When Fein's contractor began site preparation, NPS officers entered the construction site and ordered the contractors to cease all site preparations or risk going to jail. Plaintiff brought this lawsuit seeking equitable relief, including a temporary restraining order (TRO). The TRO was granted on condition that no historic ruins would be disturbed. At the hearing for the permanent and preliminary injunction, it was revealed that the contractor had disturbed some of the ruins by moving a historic stone wall.
The court ruled from the bench that a permanent and preliminary injunction
would not be granted and the matter would be dismissed for lack of subject matter
jurisdiction. The issue of jurisdiction turned on whether Section 106 of the
NHPA and the Archeological Resources Protection Act were applicable. The court
found that they were applicable. The court concluded that Section 106 applied
for two reasons. First, the court reasoned that, pursuant to Section 110(a)

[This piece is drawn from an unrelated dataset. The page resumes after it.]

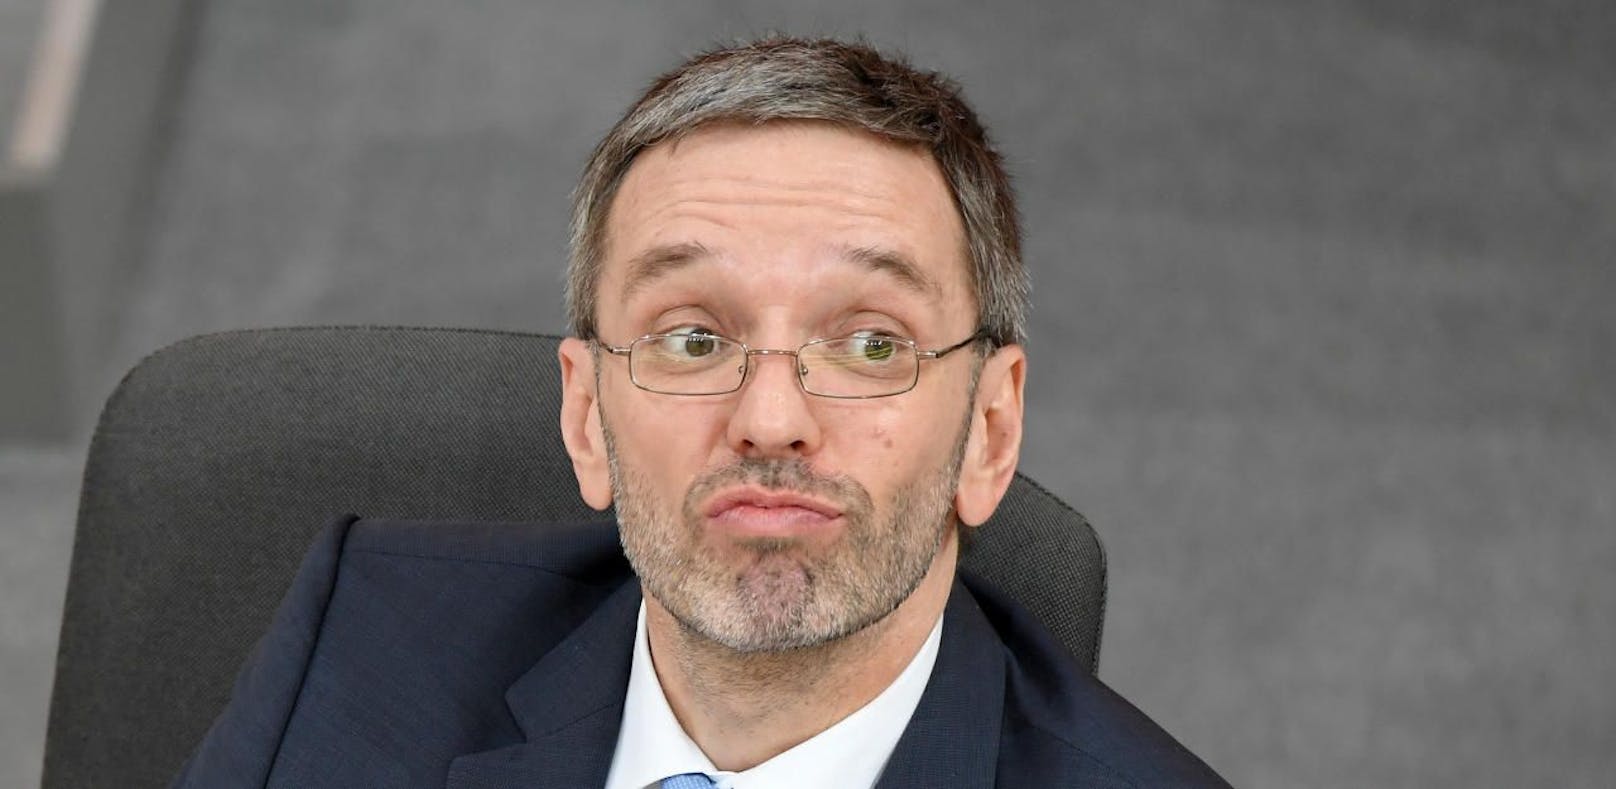 Innenminister Herbert Kickl (FPÖ) unter Druck.
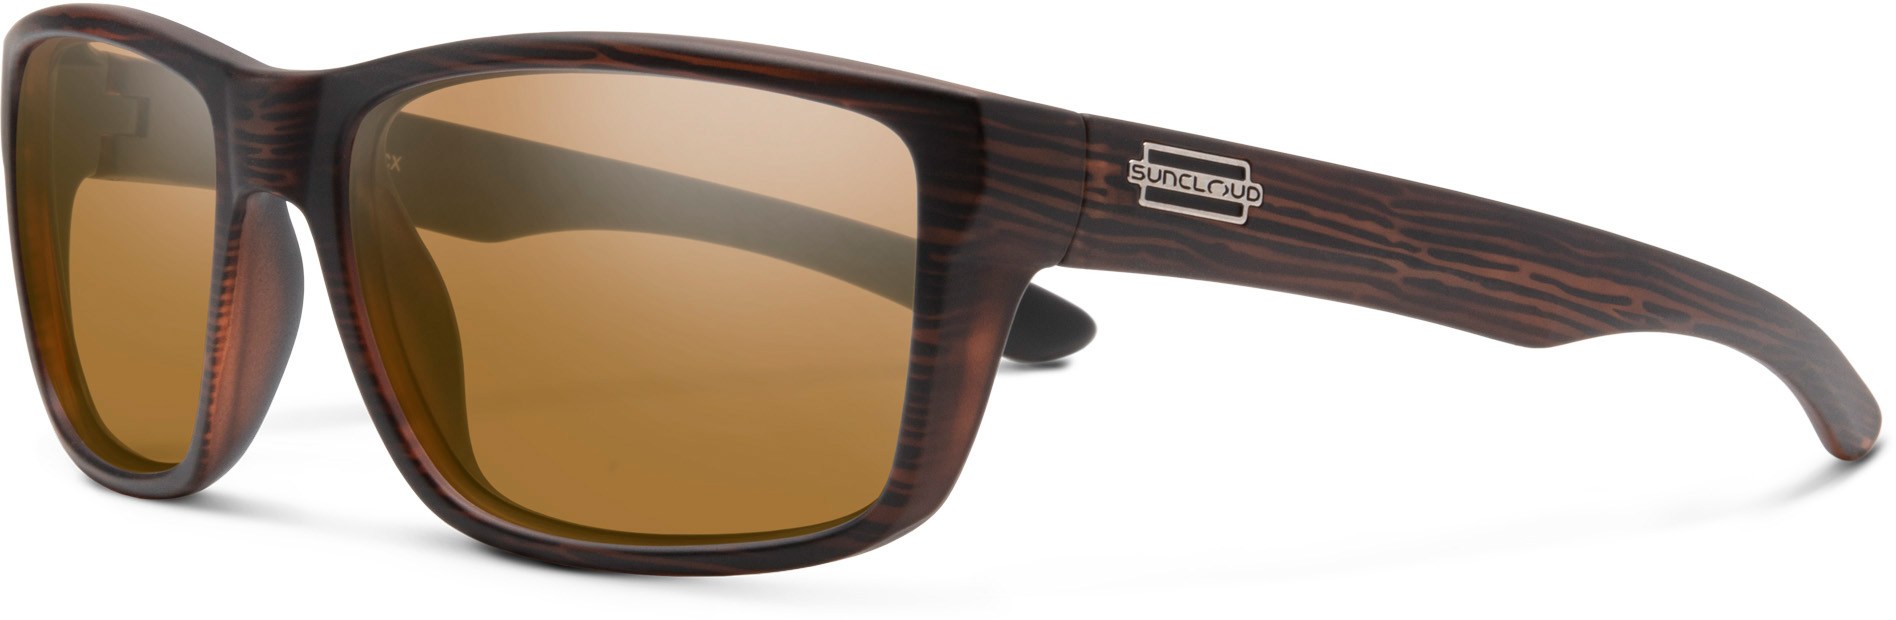 Поляризованные солнцезащитные очки Mayor Suncloud, коричневый разоблачение поляризованных солнцезащитных очков blenders eyewear цвет future ruler pol

of the NHPA, NPS is required to manage and maintain property it owns to preserve
historic, archeological, architectural, and cultural values in compliance with
Section 106. Also, the court found that NPS is required by Section 106 itself
to take into account the effects that plaintiff's project will have on the construction
site, which is located on a property listed on the National Register.
In reaching these conclusions, the court found that this was an "undertaking" for purposes of Section 106. It construed the statutory definition of "undertaking" to include any project or activity under the direct or indirect jurisdiction of NPS that requires its prior approval, regardless of whether the project or activity is funded in whole or in part by the NPS.
Once the court found that Federal law required NPS to conduct a Section 106 review of the project, it considered whether such review had been completed. At the time the matter was before the judge, a dispute in the Section 106 process (regarding an adverse effect finding) had yet to be resolved by the Advisory Council. Accordingly, the Section 106 review was still in progress. The court therefore concluded that the plaintiff had not exhausted all administrative remedies before seeking relief from the court, and that the court did not have before it a final decision to review.
In addition, the court ruled that even if it had proper jurisdiction, plaintiff would not have been entitled to equitable relief because he had not come to the court with clean hands. By violating the restrictions on the temporary restraining order that this court issued, the plaintiff was seeking equitable relief with unclean hands, violating a long-established rule of equity.